One of the first ideas for a planned Southeast Asian restaurant at the Setai Hotel was bento boxes. But executive sous-chef Vijayudu Veena proposed offering something from his native India instead. Thali — Hindu for "plate" — refers to a round stainless-steel platter with small bowls arranged around the rim, each one containing a different dish.
Now, a year after opening, Jaya serves that platter with offerings that change regularly, though the pillars are basmati rice, naan bread, and Indian lentil wafers known as papadam. Among the eight surrounding Indian delicacies during a recent visit was chicken tikka masala cooked in a creamy tomato sauce. It was the uncontested winner, remarkably pungent yet light — a rare feat for this popular item. Grilled lamb chops glazed with Indian spices, as well as a portion of gently roasted cauliflower, were also toothsome.
Meanwhile, grouper fried in gram flour was too tough and underseasoned, while the yellow dal, spinach samosas, and roasted eggplant were laggards in the flavor department. The kitchen can easily improve the dishes that lack oomph.
In addition to Indian cuisine, Thai, Chinese, Japanese, Korean, and Vietnamese specialties appear on the menu at Jaya. The Setai's top toque is the 2015 Chopped champion Mathias Gervais, who grew up in the South of France but has always been fascinated with Asian food and culture. Indeed, prior to joining the Setai five years ago, Gervais honed his culinary skills at Joël Robuchon's Takeo Yamazaki in Monte Carlo. Before that, he worked at Enoteca Pinchiorri in Florence, which boasts three Michelin stars and is where he met his Japan-born wife.
Thus, when the Setai's new owners wanted a different flagship restaurant for the five-star property, Gervais put forth his modern-Asian concept. A couple of factors worked in his favor. The hotel once had a successful Asian eatery, the Restaurant, and the Setai resembles a Buddhist temple, albeit a thoroughly modern one. The new restaurant's name pays homage to the Setai's award-winning Indonesian designer, Jaya Ibrahim, who died suddenly several months before the eatery's opening. Jaya also means "victory" in Sanskrit.
Like the rest of the 10-year-old Setai, the glamorous high-ceilinged restaurant is dimly lit and punctuated with wood and red accents. The clientele is mostly foreign, and on a recent evening, the expansive space began to fill around 8 p.m. Jaya oozes luxury, and every meal begins with a hot towel, an amuse-bouche, and shrimp crackers with a pleasantly sweet edge.
One of the kitchen's specialties is roasted Peking duck. It's served DIY-style with steamed pancakes, scallions, cucumbers, and bean sauce. But if that's too heavy, try the duck salad instead. Gervais adds blackberries, lychees, and crisp leeks to the mesclun mix, which balances the richness of the bird and the plum sauce dotted around the plate. He also saves the duck trimmings and sautés them in the wok with spices and olive oil to give extra depth to the appetizer. The only complaint is that for $22, more duck would be nice.

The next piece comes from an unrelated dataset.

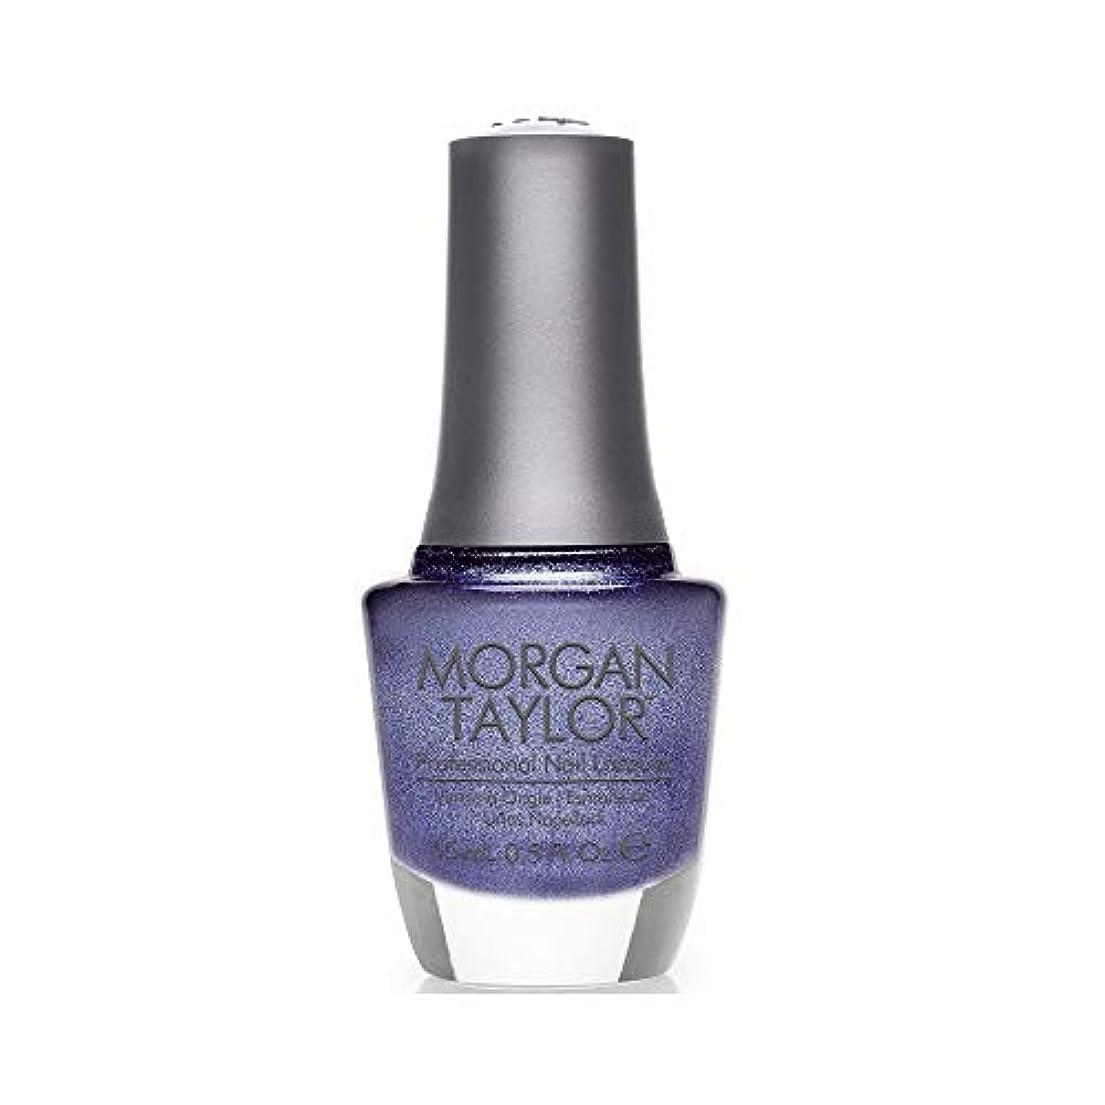 チャンピオンシップ検出器遠近法Morgan Taylor - Professional Nail Lacquer - Rhythm and Blues - 15 mL/0.5oz
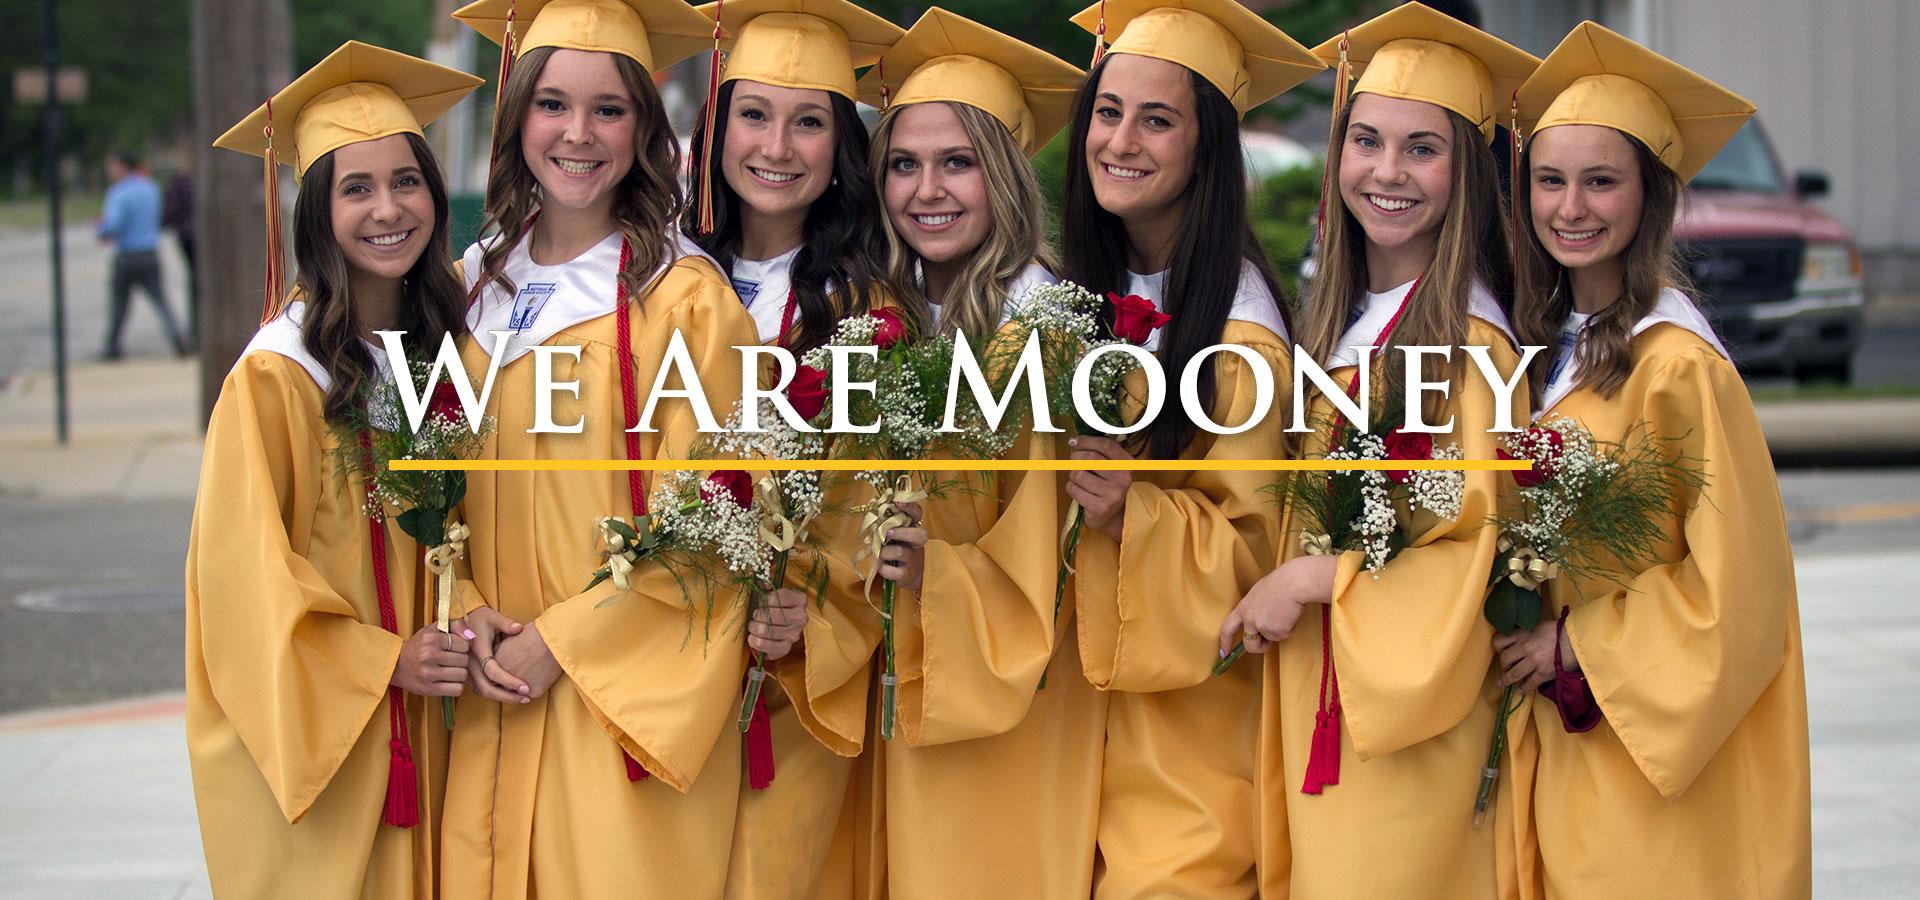 We Are Mooney

As a nod to Miami, mango sits atop the hamachi starter. The silken fish is presented on a bed of thinly sliced Hawaiian hearts of palm that have been marinated in mirin and sake. Place the yellowtail between the firm mango and heart of palm, and dip it in the accompanying yuzu juice for a multitextural bite that's sure to impress.
Har gow — Cantonese steamed shrimp dumplings served in dim sum — are commonplace. But Jaya's version is perfect. They cost $14, while for $21 you can try the dumplings topped with a truffle emulsion. Gervais served them at the James Beard House to great acclaim, and it's no wonder: These irresistible pockets of flavor knock you back.
If spice isn't a problem, Jaya's panko-crusted fried calamari is a great bet. The kitchen dusts the squid with a combination of Szechuan pepper and chili pepper and then fries them before finishing the dish in the wok. The calamari brings the heat and pairs well with an accompanying baby gem lettuce salad. Order the gently fried squid to share; otherwise, your mouth will be on fire.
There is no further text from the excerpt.